Microsoft Interview Question Software Engineer / Developers
If we remove the elements from the fixed list(removed positions are not filled by next index) then if suffices to check if
for 1<i<=p , i is a factor of N. If so it will not exist. Thus prime numbers will never be removed if they are > p.
Ques:whether n th number exist after p passes?(not a circle list)
Ans:
Simply, we only need p times check, one check for each pass.
int i=1;
//t means that every t th number is removed for current pass
int t=2;
for(;i<=p; ++i, ++t)
{
if(n%t==0)
return true;
n=n-n/t;
if(n<0)
return false;
}
/**********explanation*************
*make the input position n as our judging position
*after each pass, we update its new postion by n=n-n/t;
*because each pass, we remove n/t values before it
*if n%t equals to 0, it will be removed at current pass
*after updating n , that if n is below 0
*then it can exist for ever, since later pass will not remove it
***********************************/
thanks for the idea. it doesnt work for n=7, p=4. Here is a modified version
bool doesExist(int n, int p)
{
//Simply, we only need p times check, one check for each pass.
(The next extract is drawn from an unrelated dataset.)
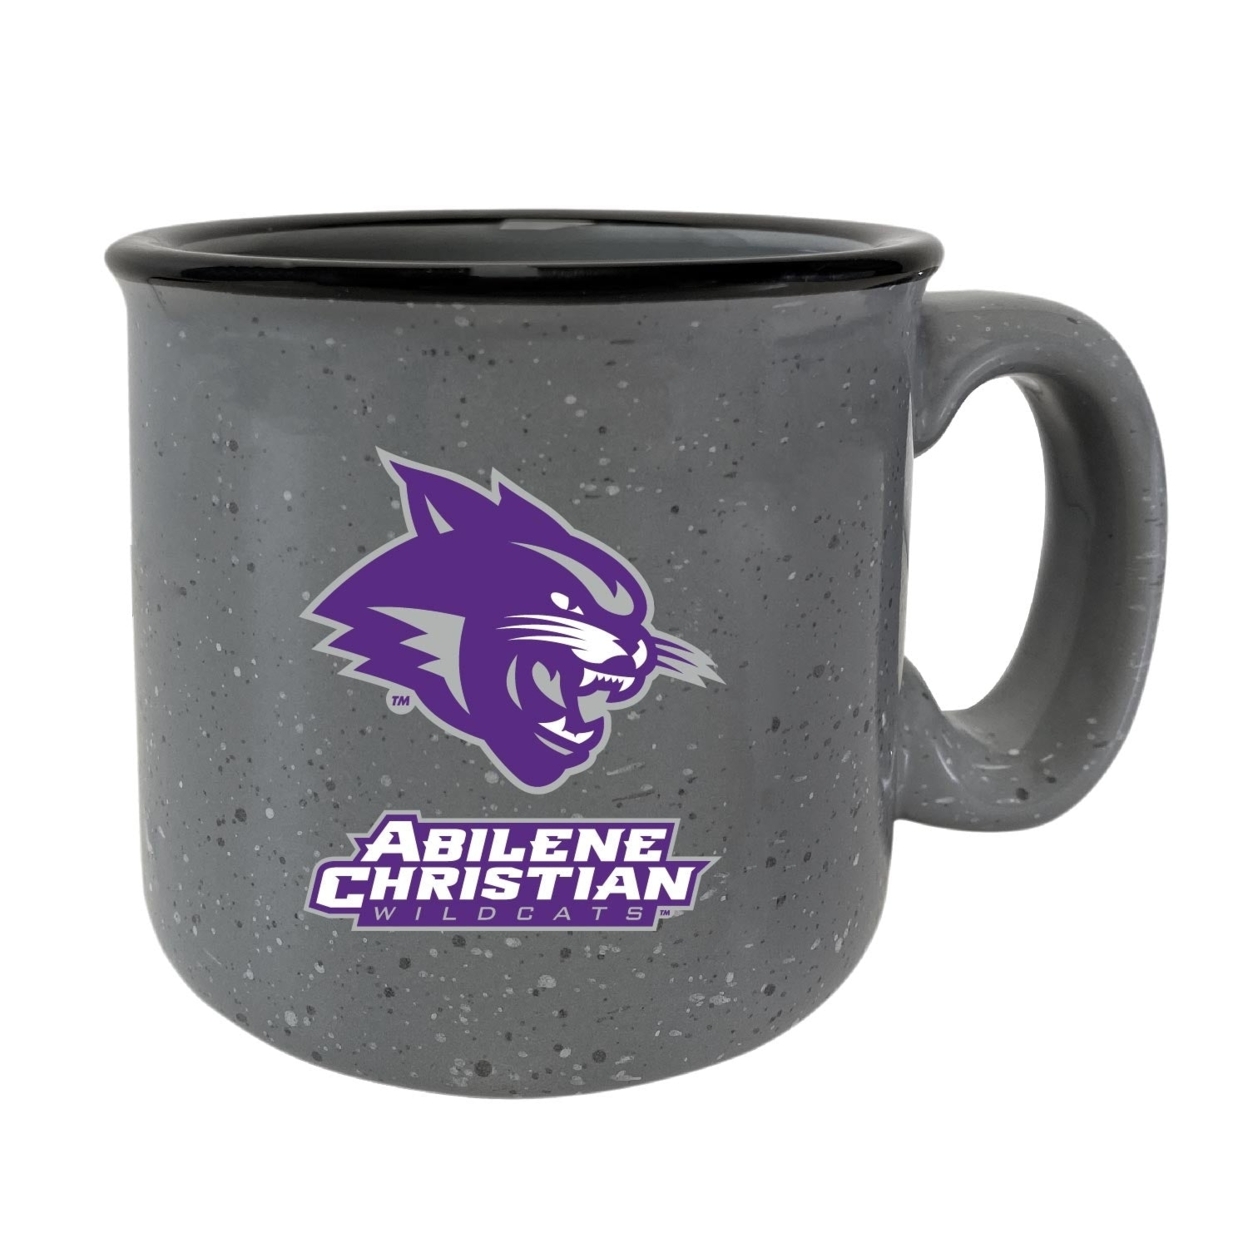 Abilene Christian University Speckled Ceramic Camper Coffee Mug - Choose Your Color - Navy
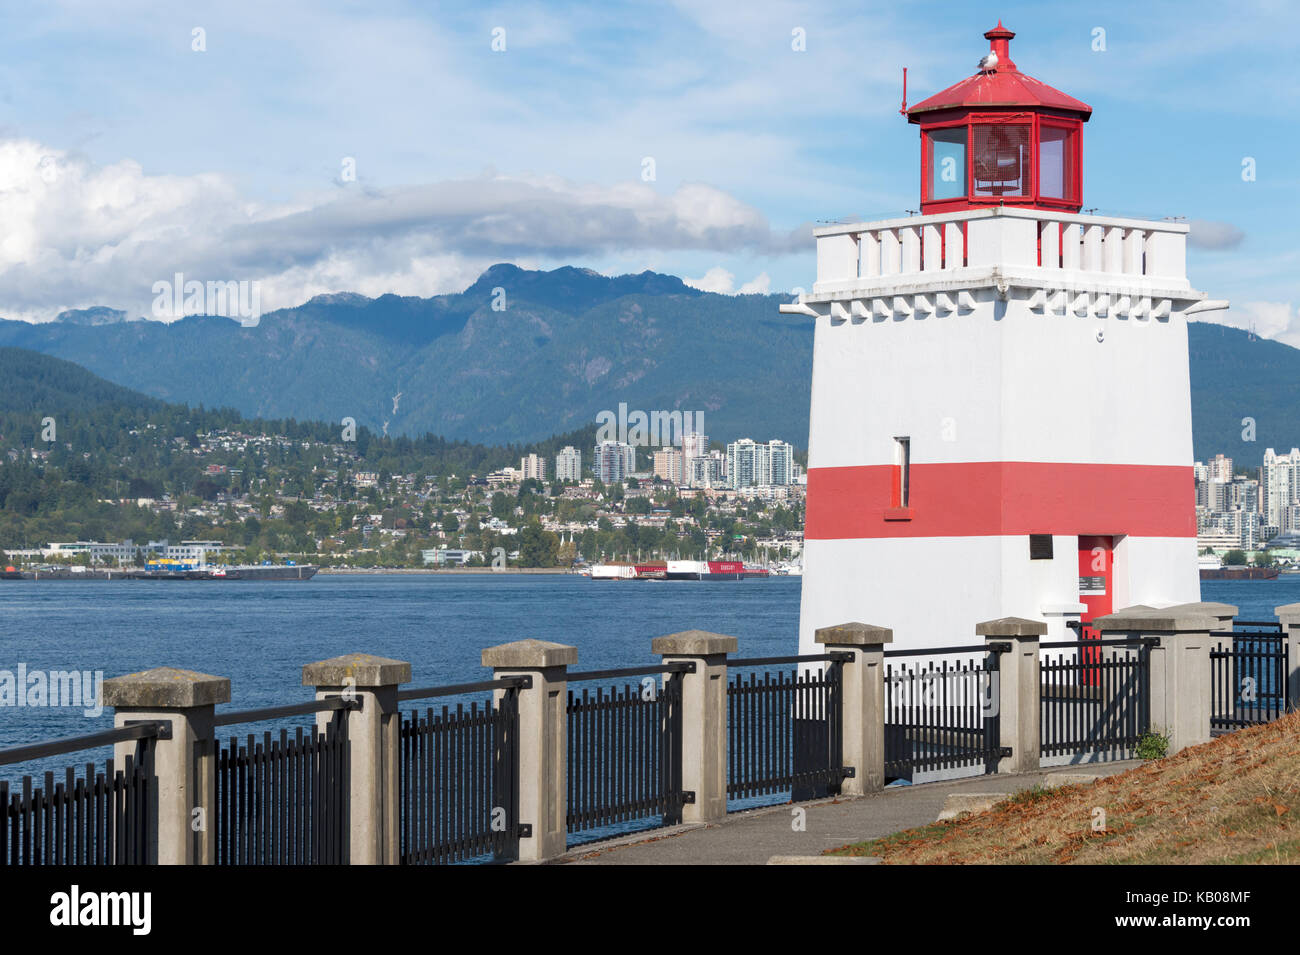 Vancouver, British Columbia, Canadá - 12 de septiembre de 2017: Brockton Point Lighthouse en el parque Stanley. Foto de stock

//t means that every t th number is removed for current pass
for(int i=1, t=2;i<=p; ++i, ++t)
{
if(n%t==0)
return false;
n=n-n/t;
if(n<0)
return true;
}
return true;
}
As per my understanding, 3rd no. from list means from the remaining list. Also we cant consider it as circular list. Let me know my understanding is correct or not.
- DD March 23, 2010